Uma jovem acorda num quarto estranho, mas vagamente familiar, e enquanto permanece mergulhada numa espécie de limbo vai absorvendo aquilo que os que a rodeiam, e que a tratam sempre como alguém que conhecem, que faz parte da casa, da sua “família, como forma de ganhar tempo e de ir recolectando os fragmentos de memória que lhe vão chegando. Assim nunca sabemos se Karen, nome pelo qual a chamam, sofre de alguma forma de amnésia, em virtude de um acidente ocorrido previamente, ou se simplesmente vive um sonho em que a sua vida parece ter-se tornado na vida de outra pessoa.

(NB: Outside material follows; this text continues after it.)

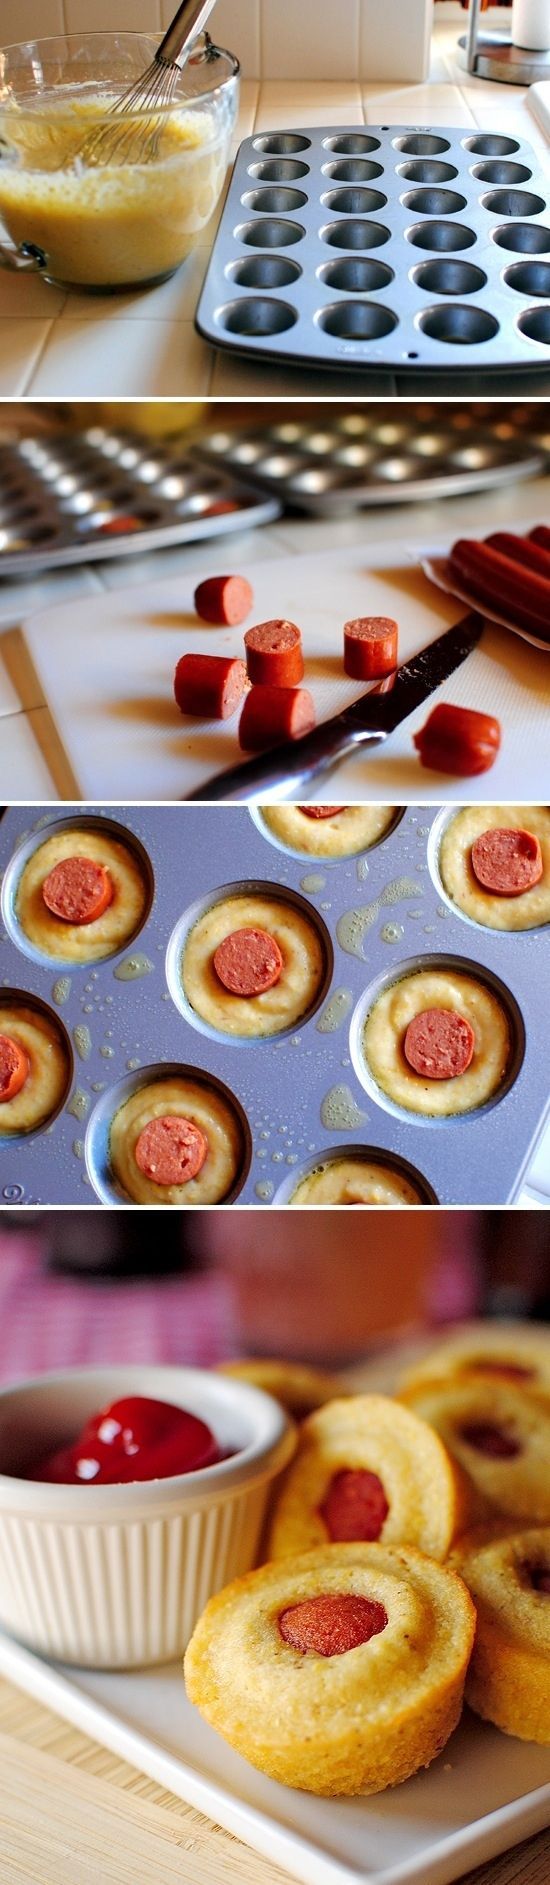 Mini Corn Dog Muffins | 24 Awesome Muffin Tin Recipes. I don’t normally eat this sort of food, but every once in a while you just

Enquanto Karen tenta integrar-se mais na pele dessa mulher que parece ter vestido ao acordar numa certa manhã, é peculiar a forma como Emily a trata, por vezes referindo-se a si na segunda pessoa, outras na terceira pessoa, mantendo a ambiguidade da sua identidade: «A Karen gosta de observar a cascata o ano inteiro.» (pág. 56).
Esta é outra das narrativas intrigantes da autora, com o seu universo muito próprio, mas gostei particularmente da forma como a memória de Karen (?) reside essencialmente nas mais pequenas coisas, como um cheiro, o toque, o nervoso de desejar pintar, mesmo que não reconheça de todo as pessoas com quem habita o quotidiano ou se lembre do que é, de facto, a sua vida.
Gradualmente, já não sabemos se ela é ou não Karen, se ela quer ou não perceber qual a sua verdadeira identidade: «Eu sabia isso a seu respeito. Sabia muitas coisas a seu respeito de que ninguém me tinha falado. Não era possível ter o mesmo rosto e o mesmo corpo e não partilhar um pouco a alma.» (pág. 86).